Lately, I’ve been disappointed with social media and its ill effects on society. Yes, social media generally has many good qualities. It’s offered us an unrivaled means with which to connect with long-lost friends, classmates, and relatives. We’ve even made new “virtual” friends, a concept heretofore unheard of. Social media allows us to easily fundraise for charitable causes and find groups to join with like-minded people. But no one knew back in the mid-2000s that the platform that started it all—Facebook—would spawn more platforms, all of which would stray away from the original ideal of connecting happy people with other happy people. Instead, social media seems to have devolved into a cesspool that foments division and ultimately hatred of one another.
I’m not saying the founders of social media platforms like Facebook, Twitter, and Instagram ever intended or imagined their networks would morph into anything negative. I believe these men were visionary pioneers mainly interested in the bottom line. Still, someone at some point must have known that these engaging platforms would spark obsessive behavior not unlike any other obsessive desires.
Constant Craving
OK, I’m not saying anything new, nothing that all of you haven’t felt over the past decade where you may have become emotionally and psychologically drained by the time-consuming drivel people post. You may have decided that deleting your social media accounts would afford you a more stress-free existence, something akin to the way you felt before the new millennium ushered in social networks. I have felt those feelings but never actually deleted or suspended any of my accounts, as I had too many nostalgic posts and photos to consider J.
Yet, I believe overall that social media can be as bad an addiction as any other addiction, whether it’s drugs, food or gambling.
Manipulation of Reality
Jaron Lanier, a computer scientist who worked for Atari in the 1980s before starting a company (VPL Research) that sold the first virtual reality goggles and wired gloves, has been writing about this topic for years. He maintained that social media is turning us into highly manipulable addicts.
“Users are driven to think in certain ways by their feeds,” said Lanier, considered the father of VR, in an interview in 2018 with the Canadian online news site, Maclean’s. “What fuels this whole process is the stirring up of negative emotion: When something we read or see online makes us angry, whether it’s a fake-news Tweet or a conspiracy-fueled video—we engage.”

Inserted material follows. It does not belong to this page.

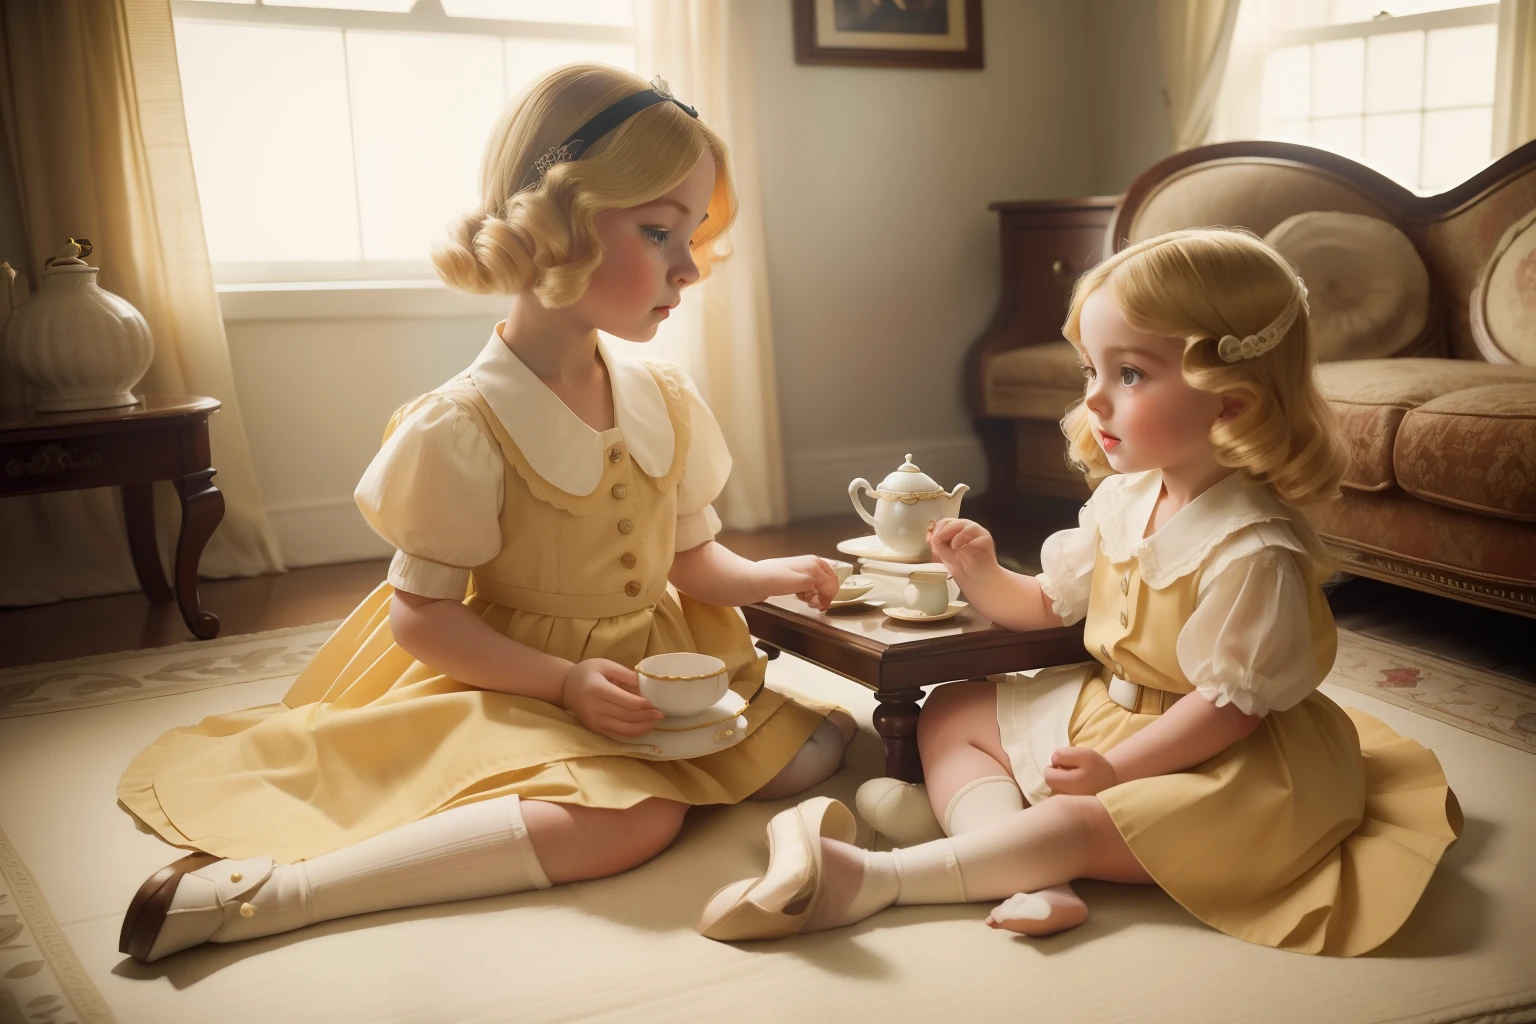 Jahr: 1939. Standort: Memphis, Tennessee. Präraffaelitische 13-jähriges blondes Mädchen, spielt mit ihrer kleinen Schwester mit einem Spielzeug-Teeservice in einem Spielzimmer des Herrenhauses, ((Tageslicht)), ((1930er Rich Klamotten)) ((Frisur der 1930er Jahre)) ((Im Style von "OMITB")) ((filmischer Stil))

And that engagement, I believe, has contributed to the ugly division we’ve seen across the country and even throughout the world.
“The effects of the manipulation programs in social media on the population are statistical,” said Lanier. “On average, people do become crankier, more irritable and less happy than they would have been, but there will be some minority of people who do better with [social media]. I feel it’s up to individuals to figure it out. I can say you’re probably becoming a worse person if you use it, and if that’s so, I don’t think there’s any detail in how you use it that can improve that.”
Cautionary words indeed, from a man with deep roots in early technology. Lanier considers the system “devious and diabolical.”
“When it gets you, it’s like [asking] a gambling addict, ‘Can you still gamble and just be less of an addict?’ If you’re starting to see that degradation, it’s very hard to put a Band-Aid on it. You’re just going to have to delete the account.”
The Delete Button
In his book, Ten Arguments for Deleting Your Social Media Accounts, Lanier doesn’t mince words about why walking away from social media can be beneficial:
- Takes away your free will.
- Contributes to the insanity of our world.
- Turns you into a jerk.
- Manipulates truth.
- Is destroying the meaning in every word you say.
- Annihilates your ability to be empathetic.
- Makes you miserable.
- Takes away your economic dignity.
- Is the reason politics are so awful and impossible.
- Hates you
While I agree with many of his points, I’m not inclined to delete my social media accounts. Not yet anyway. I’m just hoping we can all go back to a more gentle and genteel society. Soon.